Former Memphis TV Newsman Comments on Reporters Knowing Where They Are

As we have commented on this site before, Mall management complained of crimes happening many miles from the Mall of Memphis being reported in the "Mall of Memphis area" - even mall builder Stanley H. Trezevant Jr. complained of this in the very early days of the mall. Recently a newspaper letter to the editor complained about the same thing happening to their neighborhood Whitehaven Responds..... Now a former TV reporter says yes, reporters should be more accurate of where they are.....

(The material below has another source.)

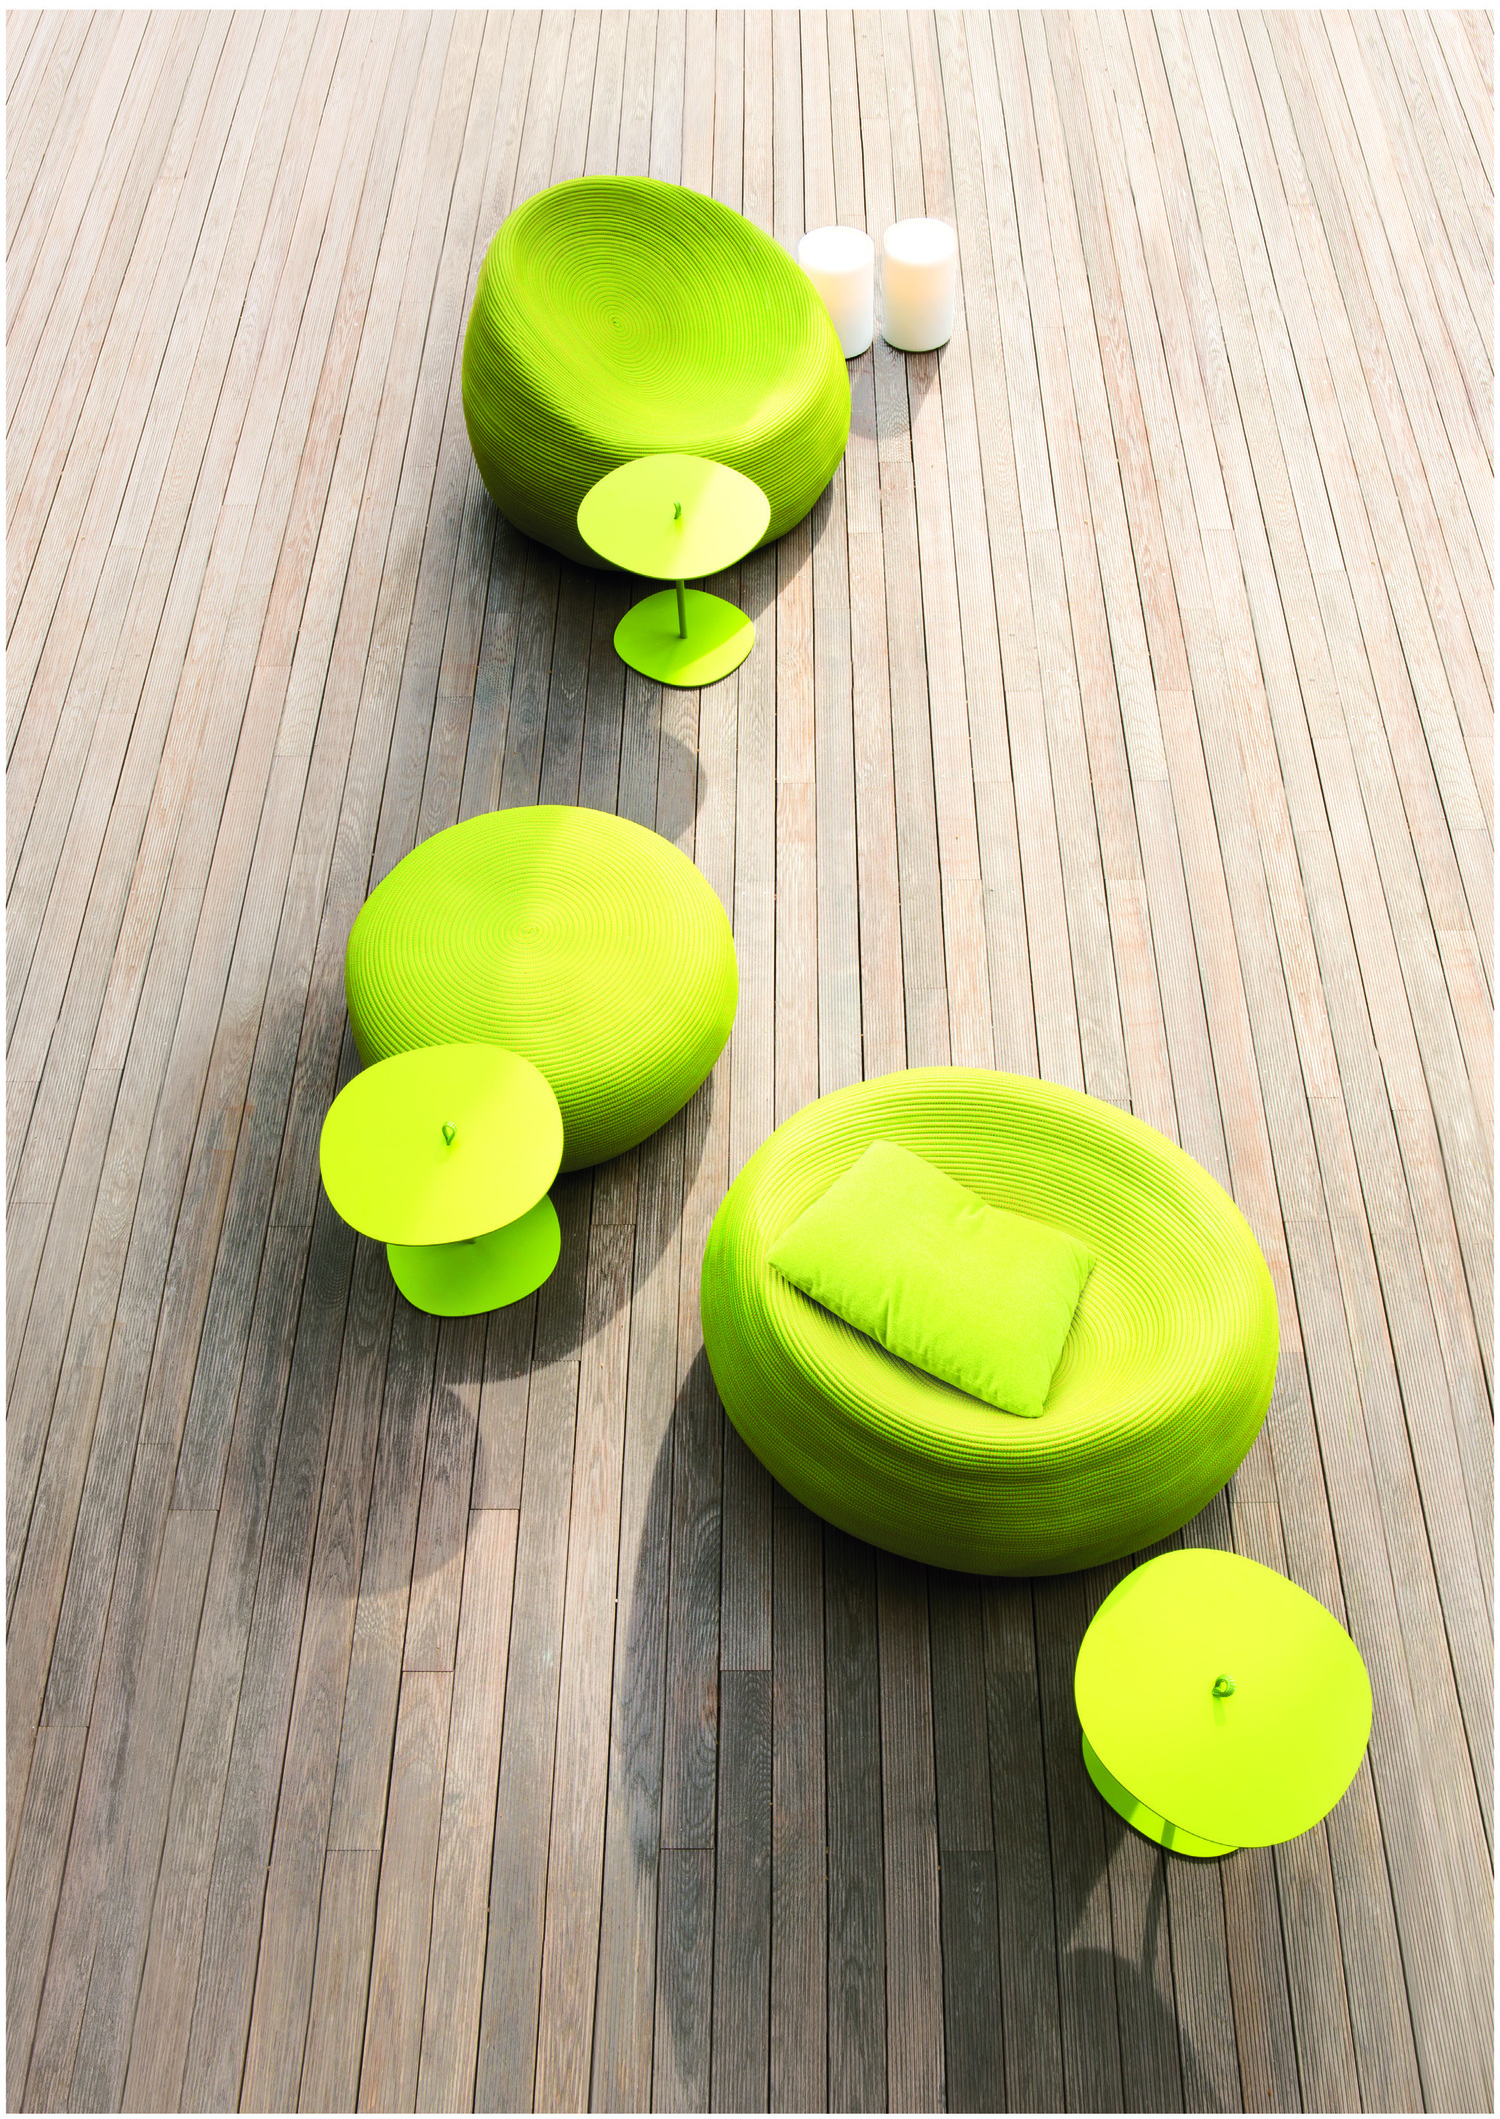 Poufs available in different shapes and dimensions. The padding is made of polypropylene microspheres contained in a fixed, three-dimensional polyester fabric cover. The upholstery cover is removable and sewn with a spiral-like pattern using Rope cord, in solid or in two-color combinations, or Twiggy cord in mélange colors, both Paola Lenti’s exclusive materials conceived for the outdoors. © PAOLA LENTI SRL/SERGIO CHIMENTI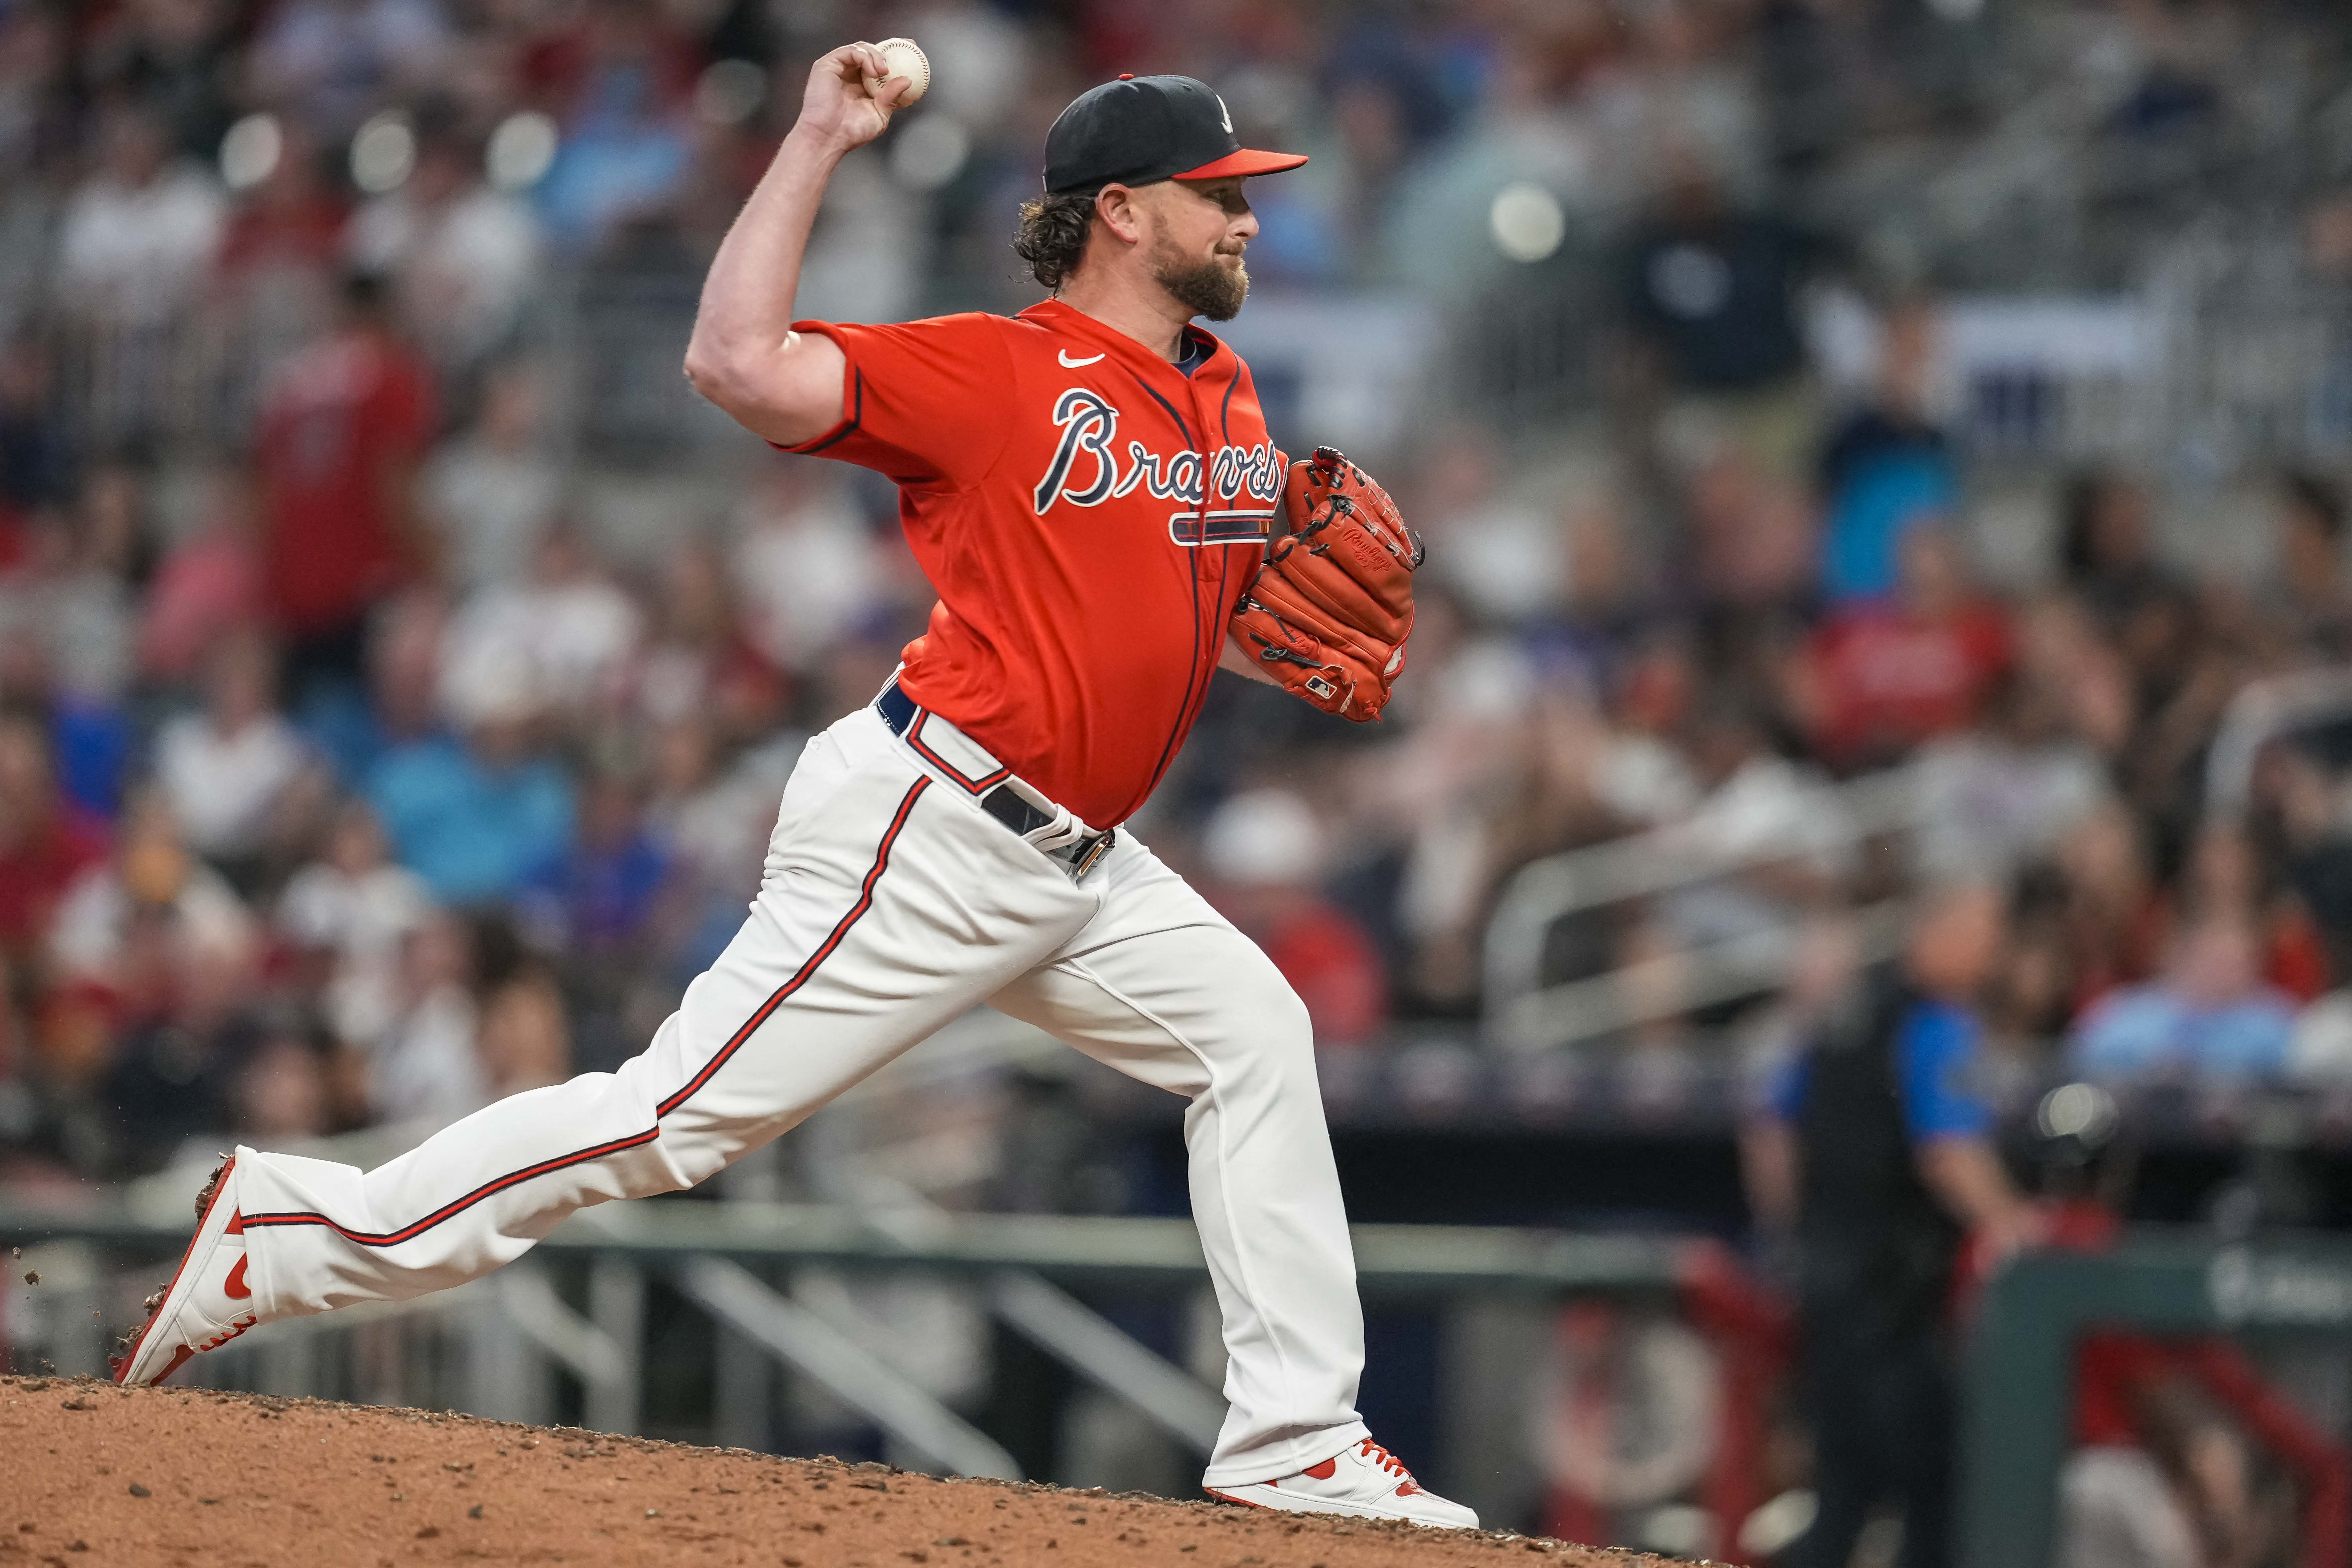 Wright, d'Arnaud lead Braves to sweep Marlins, reach NLCS - WAKA 8

Don’t Let Those Little Details Get in the Way of a Good Story

Real estate people will tell you it’s all about location, location, location. In the TV news business, location apparently isn’t that important to some folks. I was reminded of this by a letter to the editor in the Monday morning edition of the Commercial Appeal.

It seems that a person in Whitehaven complained that people in the TV news business referred to some crime in South Memphis as occurring in Whitehaven. Now, in all fairness, it doesn’t help that Whitehaven IS in the SOUTH part of the city and the area known as South Memphis is NORTH OF Whitehaven. Yes, it can be confusing until you figure out the borders. That’s one of the problems you face when you hire producers and reporters new to the market and they don’t bother to learn or don’t care about the names of particular areas. Some might think you’re splitting hairs about whether an area is Whitehaven, Orange Mound, Downtown or Midtown or East Memphis or Germantown or Cordova or Bartlett. Unless of course you live there and some TV type has some sort of negative story they say occurred in your part of town when it in fact it didn’t. In addition to hurting the credibility of the reporter I found it didn’t help the credibility of the anchor who read the story intro. Often times when people complained about a story, they wanted to talk to that news person who read that story on the area. It was especially bad if the story in question was recorded for a CNN cut-in or some other cable segment because that meant it would run for hours unless corrected. It didn’t take me long to learn the borders of what was Oakhaven and and what was Whitehaven. As any producer or reporter I worked with can attest, I used to take them to task if they let things like this slide. I mean come on, if we got caught letting little facts like the location of something get by us, it raises questions about what other facts we might let slide in the name of a story. At WREG we used to have a big city map in the conference room with a breakdown of which areas were called what and it was even broken down into neighborhoods. Often times early morning producers were scrambling to put together three hours of newscasts and couldn’t get to the conference room to check the map while the reporter in the field often times didn’t have access to the info. If a veteran photog wasn’t there to offer location information, the reporter went with what he or she thought was right.

Some might think that the issue of whether some place is Whitehaven or South Memphis is no big deal but I tend to think it’s like being a little pregnant. Afterall, it’s not like there is already a credibility issue with the news business in general and the TV news business in particular.